# [DATA SUPPLIED]

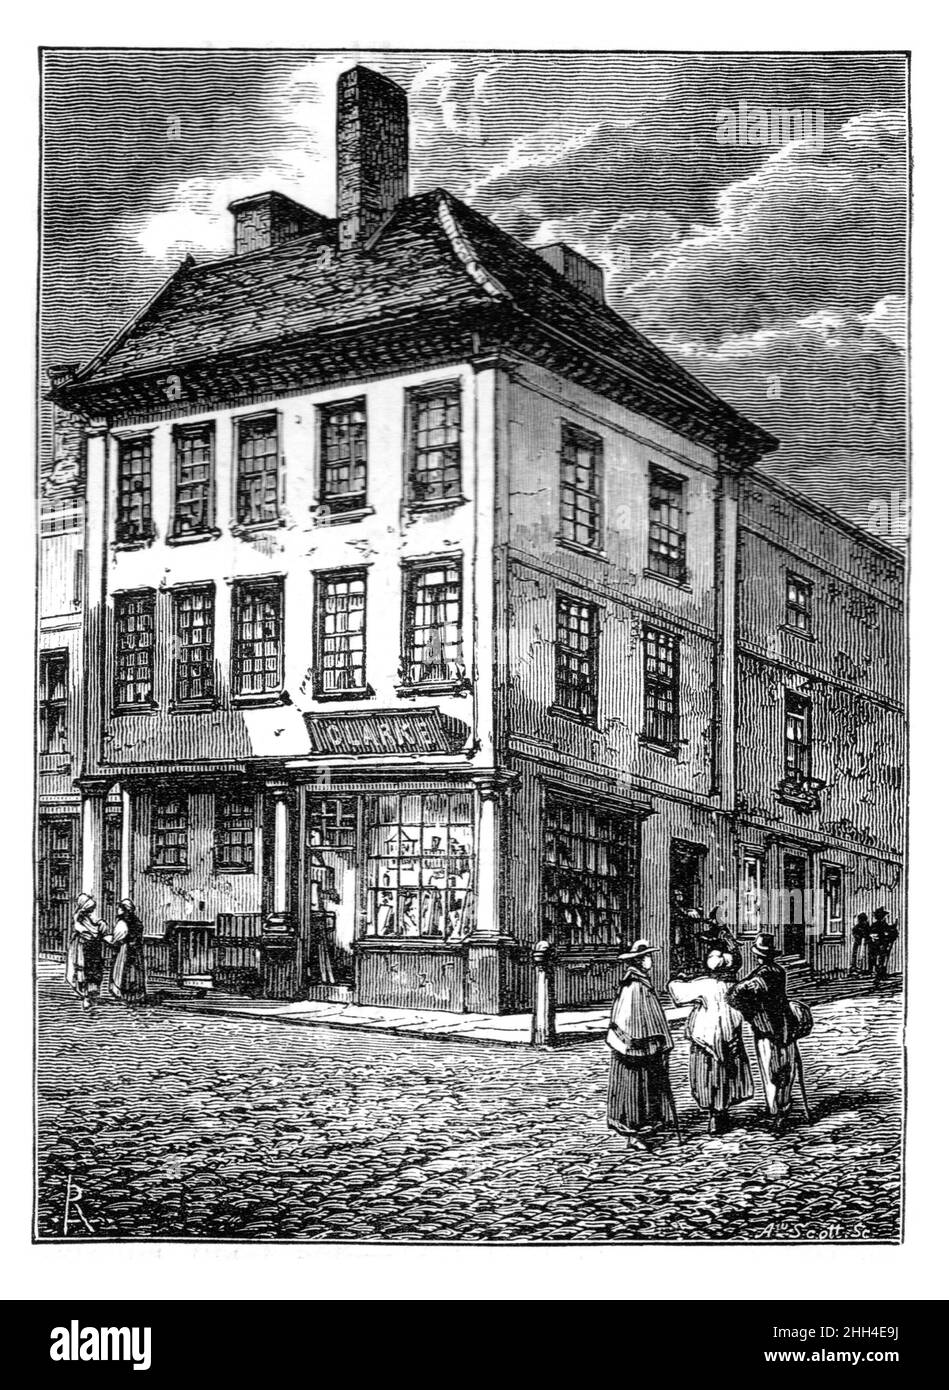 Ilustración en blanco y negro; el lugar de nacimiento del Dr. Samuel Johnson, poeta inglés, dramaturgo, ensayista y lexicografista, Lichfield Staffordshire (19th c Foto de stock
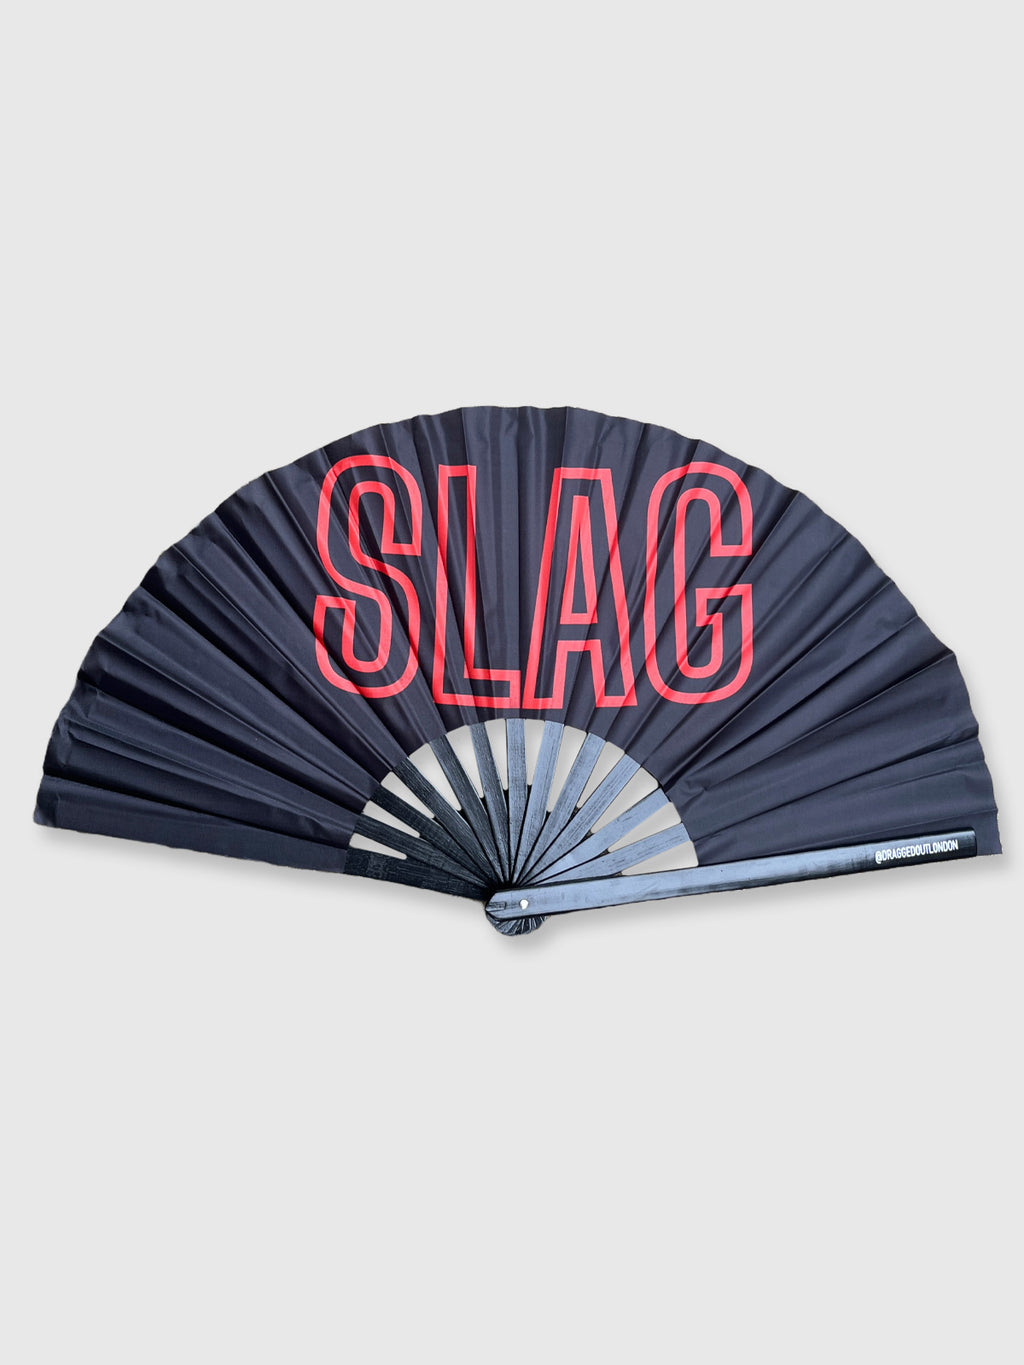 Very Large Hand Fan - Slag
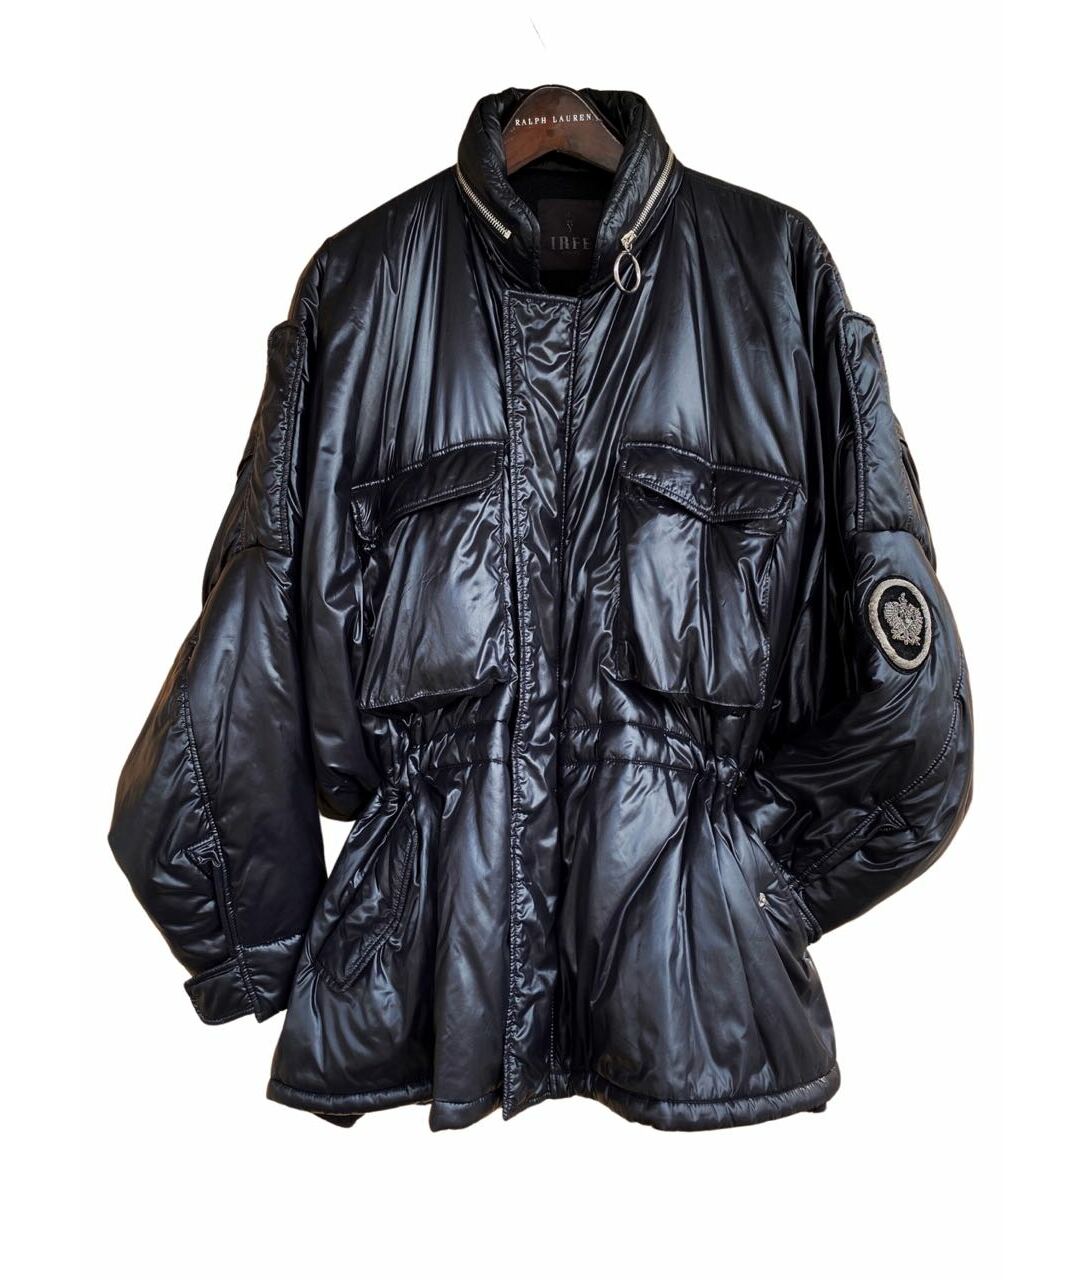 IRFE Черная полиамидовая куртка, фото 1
---
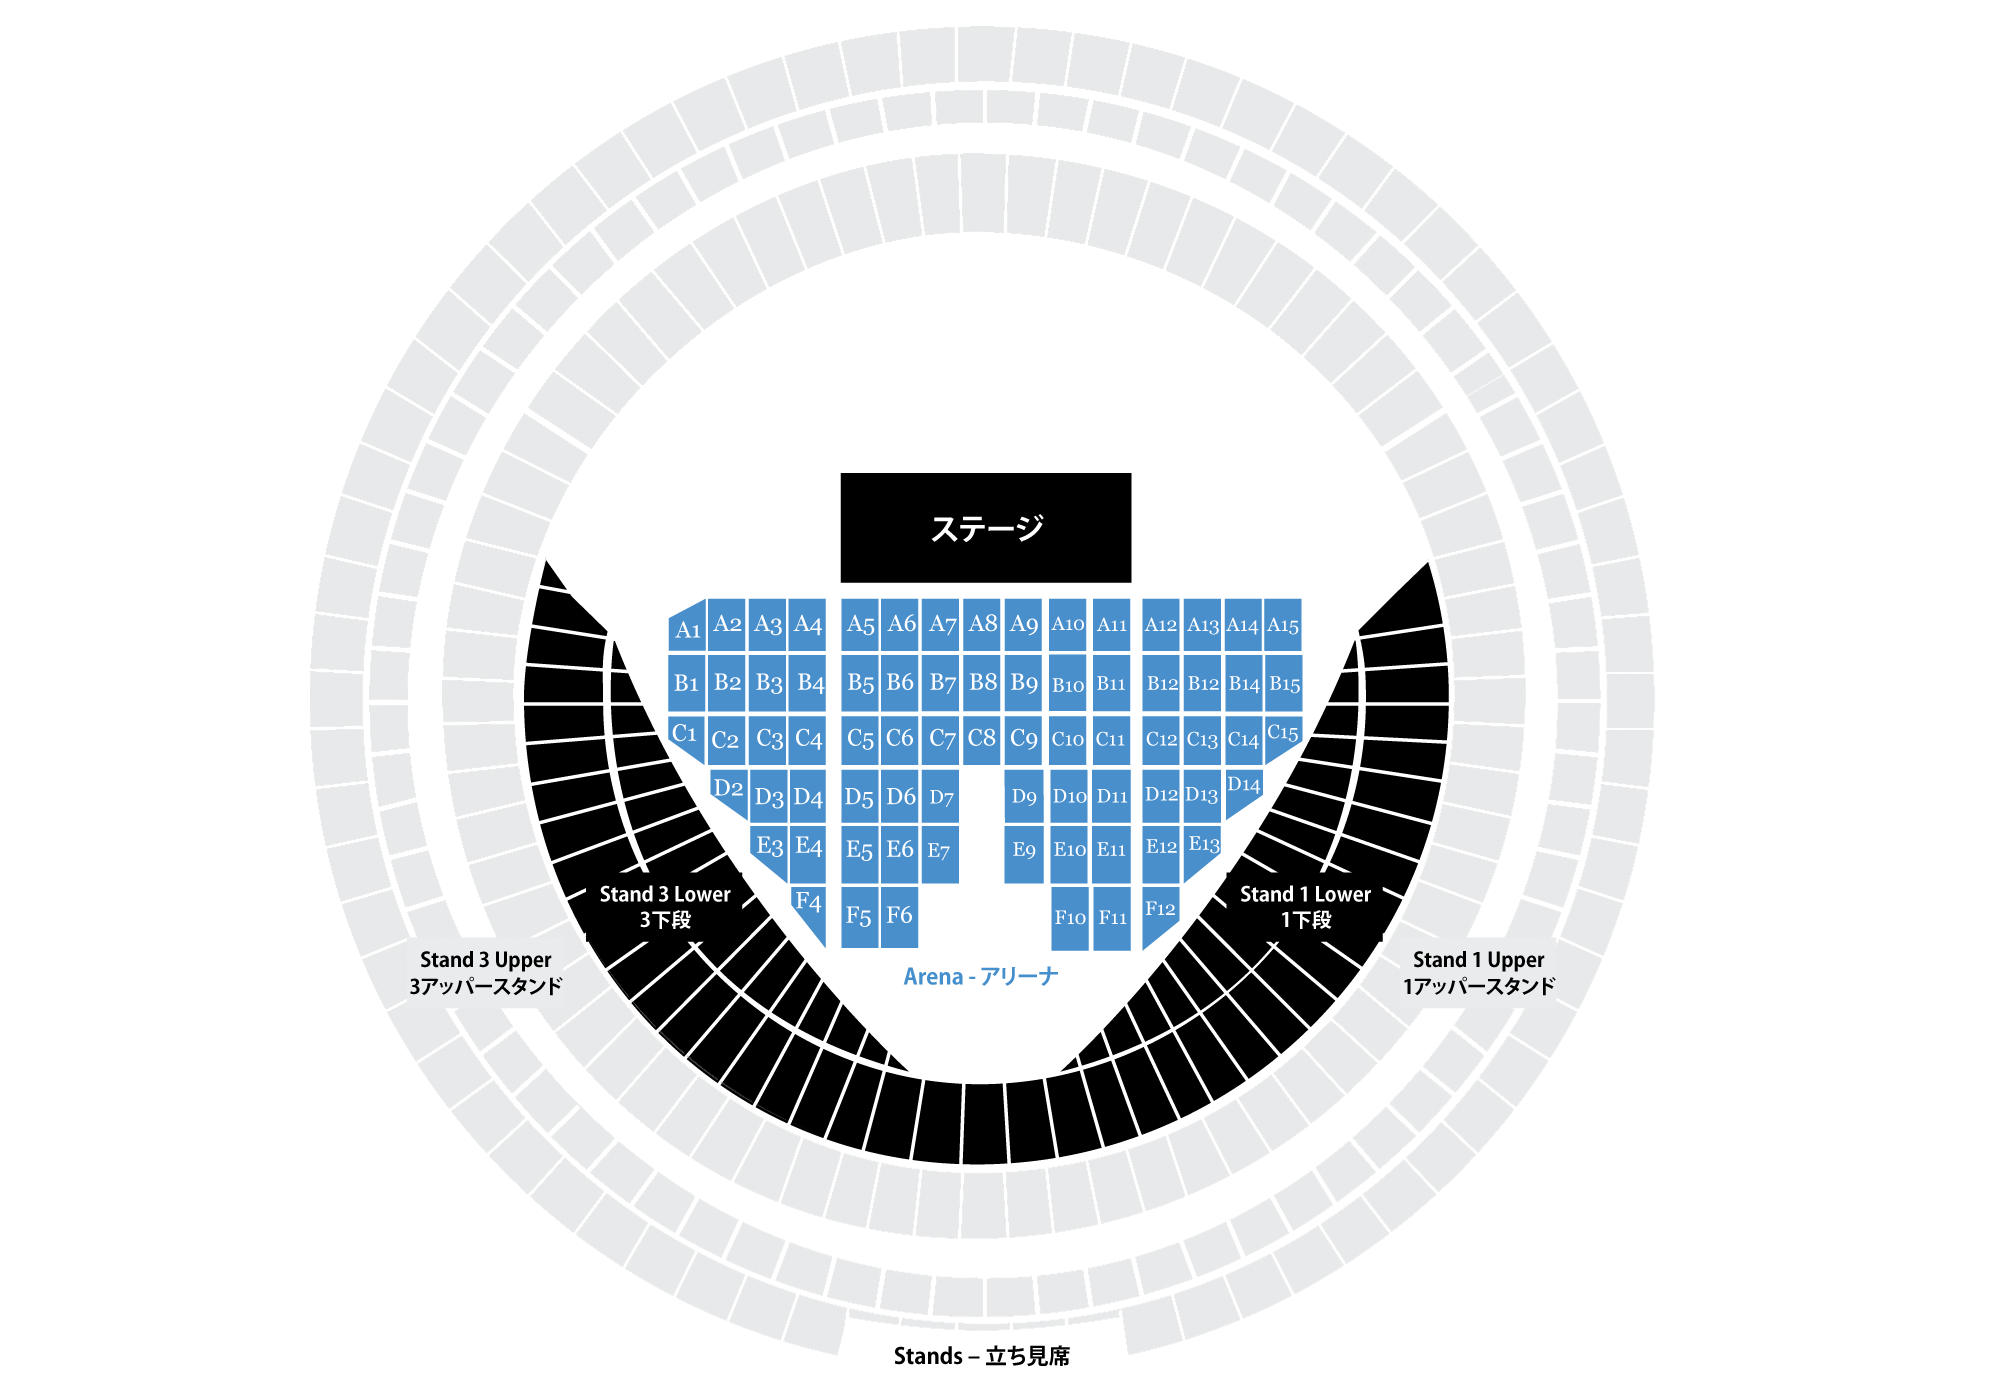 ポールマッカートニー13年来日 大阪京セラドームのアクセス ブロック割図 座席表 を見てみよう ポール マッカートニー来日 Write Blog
...
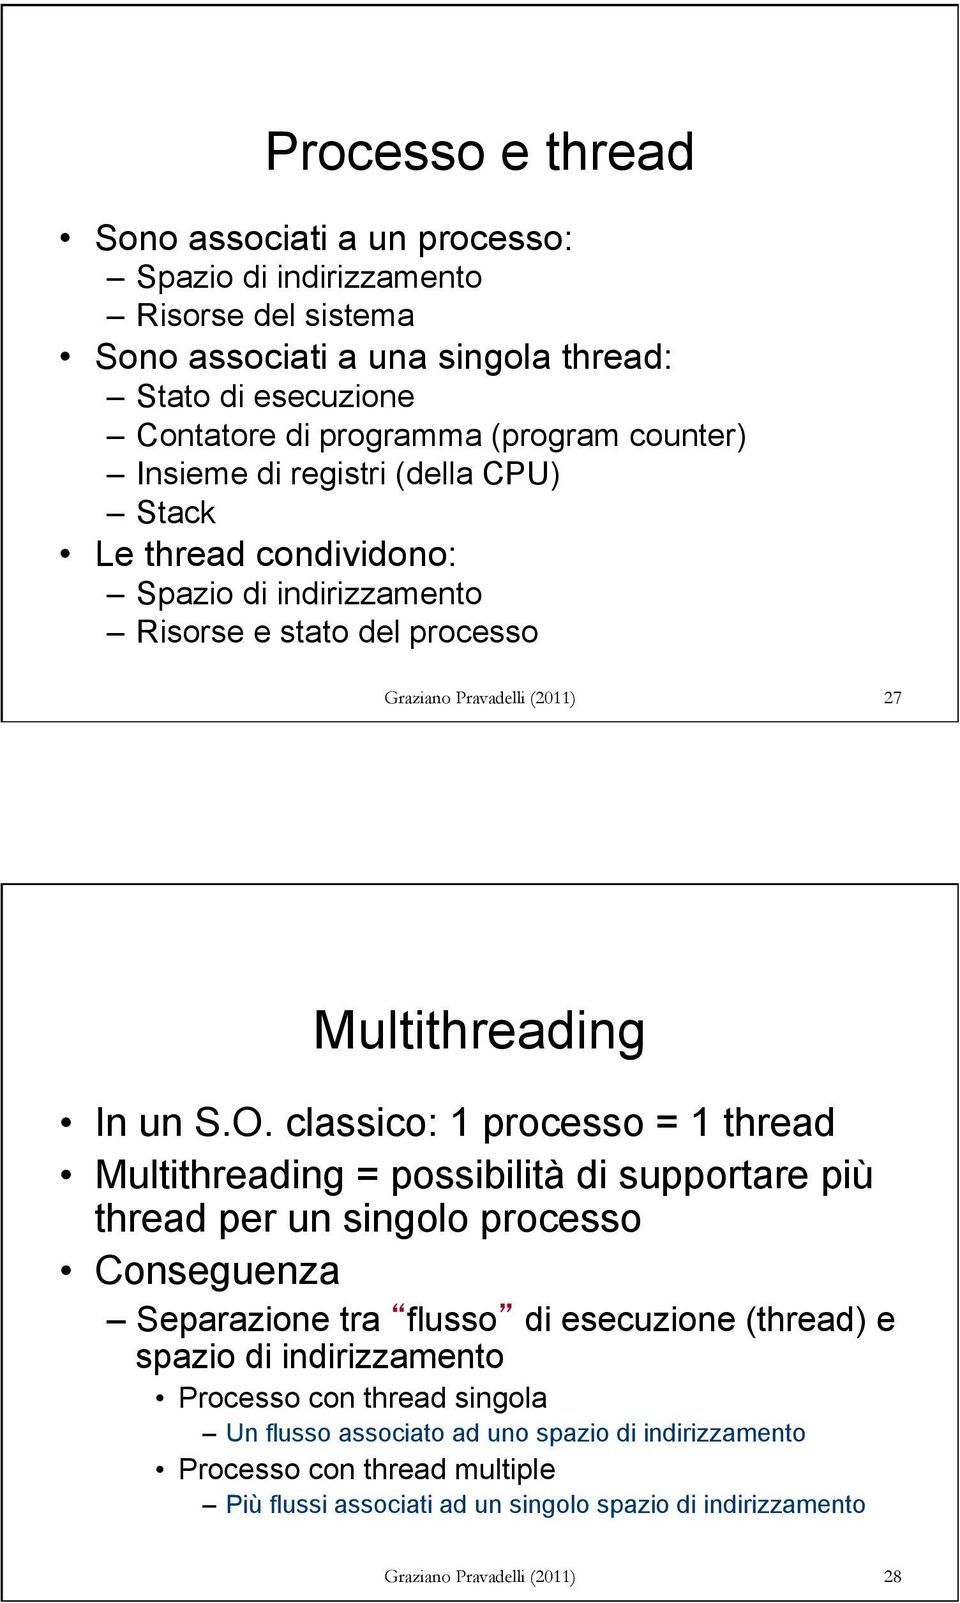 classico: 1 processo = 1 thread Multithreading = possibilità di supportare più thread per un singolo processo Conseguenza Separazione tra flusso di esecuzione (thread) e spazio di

# [WHAT IS REQUIRED]
Go to the line above that has "Ilustración en blanco" and copy exactly from there down to the line that has "IRFE Черная полиамидовая куртка, фото 1", both included. Leave the pictures out.

# [SOLUTION TO THIS TASK]
 Ilustración en blanco y negro; el lugar de nacimiento del Dr. Samuel Johnson, poeta inglés, dramaturgo, ensayista y lexicografista, Lichfield Staffordshire (19th c Foto de stock
 Very Large Hand Fan - Slag
 IRFE Черная полиамидовая куртка, фото 1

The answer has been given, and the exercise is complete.